Friday, September 14, 2007

Favorite Powerpoint Slides for the Coastal Baja California Conservation Presentation in Ben Halpern's Class






If you happen to know and care, Matt. Sorry, I'm beating a dead horse. I am getting used you just being a mental thought experiment once again. Just an abstract concept in my mind. Not a tangible reality. So, above are three powerpoint presentation slides I converted to jpegs. The official title of my powerpoint presentation is "Case Study in Progress: Marine Vital Signs Monitoring in the Tijuana-San Quintin Coastal Corridor: Laying the Roadmap for a Cooperative Public-Private Conservation Partnership." I gave the presentation on July 23, 2007. It went rather well, though some of my slides, I do admit, were unaesthetic and seeminly crammed with too much information, though the case was I was just trying to show to the class my basic role involved in the conference, like editing the draft "Conceptual Model" for the region, and showing how species lists were being formed. And what existing scientific papers were already in existence that shaped the organization of the conference I attended. I believe I was the only graduate student there. Thanks to Dr. Ernesto Franco for letting me get into the conference through the back door. I am glad I had an opportunity to talk to the class about this experience. It was draining some old demons I acquired at UC Riverside.

Milton Love made comments on how I went to grad school at UCR for one year when BOTH of my parents work there. Pretty incestuous. No one was taking me seriously. And as a result, I was not taking them seriously. I felt I didn't have a right to say anything simply because I might get "preferential treatment" due to my parents circumstance. I felt my voice was suppressed and I had no say about what can be done and how things can be changed. I couldn't voice what I thought and what I felt... to a point I could only vent to my "outsider" psychologist: Ann Aasen through the UCR Student Health Center. I don't want prefential treatment. I want to just be Victoria, and I want to be known and respected out of my own intrinsic abilities and contributions and merit, not simply because, "Oh. You're Rich Minnich's daughter." Barry, a botanist at UCLA, at one point said, "Oh. You're the daughter of that famous fire ecologist. I see." Okay, fine, that's pretty cool for someone to say that, but overall I'm tired of that bullshxt. That's why when I write, my pen-name is just "Victoria" and not "Victoria Minnich." I heavily identify with my father philosophically, holistically, "spiritually" in terms of who I am and what I have been shaped to be, but sometimes it's a bit much to acquire relationships with people merely because of our biological relationship. This is beside the point, but it seems like everything I am writing is beside the point. I guess that's what happens when I am attempting to mentally recooperate myself from a temporary mental divorce from a male specimen....

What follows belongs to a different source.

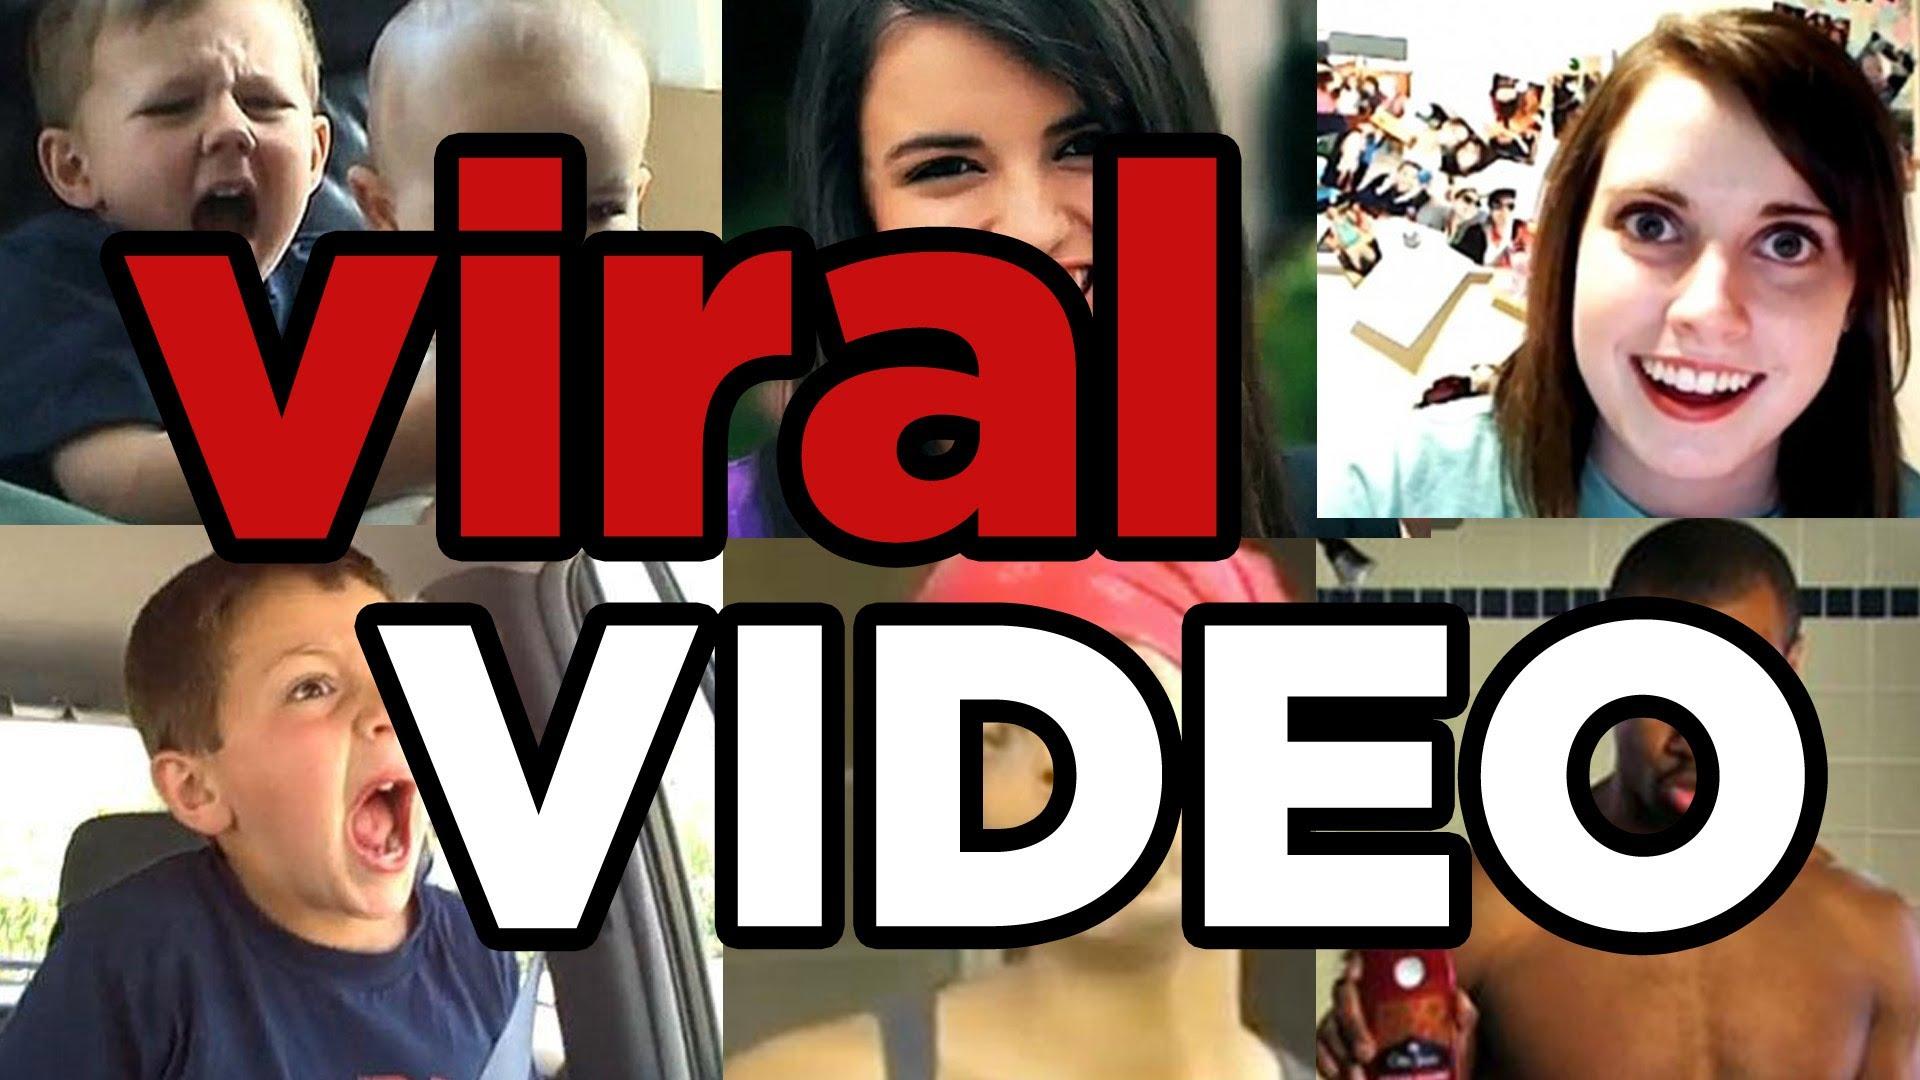 Viral Videos - 2018's Best Viral Videos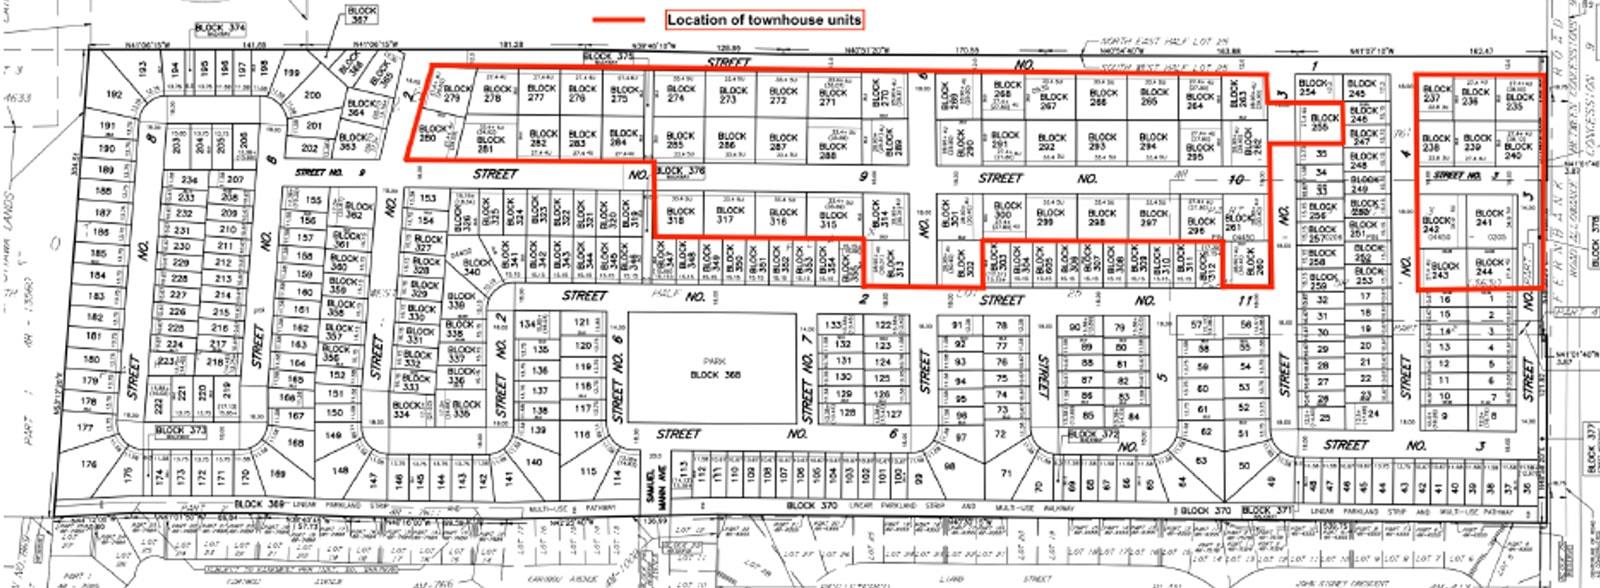 6015 Fernbank site plan

There are several things I have learned about the Baja California circumstance. As my father and I tend to theorize about how to re-construct human-environmental policy, my dad one night (in September of 2005, right before my year at UCR grad school started) stated that "The landscape is not a blank check." Oooh. Now, here's a fire ecologist getting into revamping theories of environmental economics! It's like saying that you have to re-map values and knowledge on landscapes, and re-assign economic values to everything (positive and negative) within a given region, simply because our existing economic systems are so skewed, incomplete, and unaccounting for so many factors.... I wonder how Dr. Linda Fernandez (UCR) or Dr. Chris Kostello of UC Santa Barbara would take such a comment? Good question to ask.... The other thins I learned through participation of this conference are listed in one of the power point slides. I was thoroughly amused at the novelty of perceiving several scientists and community agencies of various disparate disciplines all in once room, conversing with each other, benignly, all because they are concerned about one thing: the future of the human and environmental health of the rapidly developing, rampantly decaying coastal Baja California region. Ernesto Franco advised me to observe "the sociology of scientists," and how scientists of disparate fields tend to interact with each other. In the end, he stated that everyone was rather civilized. The other three points on the powerpoint slide I either talked about (how much knowledge scientists and policy-makers need to do some Theodore Roosevelt "big stick" swinging) or I am apathetic to discuss right now--the lack of "conceptuality" of the the Draft Conceptual Model, and how Gary Davis refrained scientists from discussing potential policy ideas and hyperfocused on what we needed to do enact systematic long-term monitoring of the region. It's tragic to think that there has been not much of a follow-up from this conference (held Spring of 2006). I guess things continue to slip and shift and slip down in Baja California. The appalling tragedy of all of this coastal development and change in Baja California is that I have been witnessing this in my own lifespan! 15 years! Sheesh!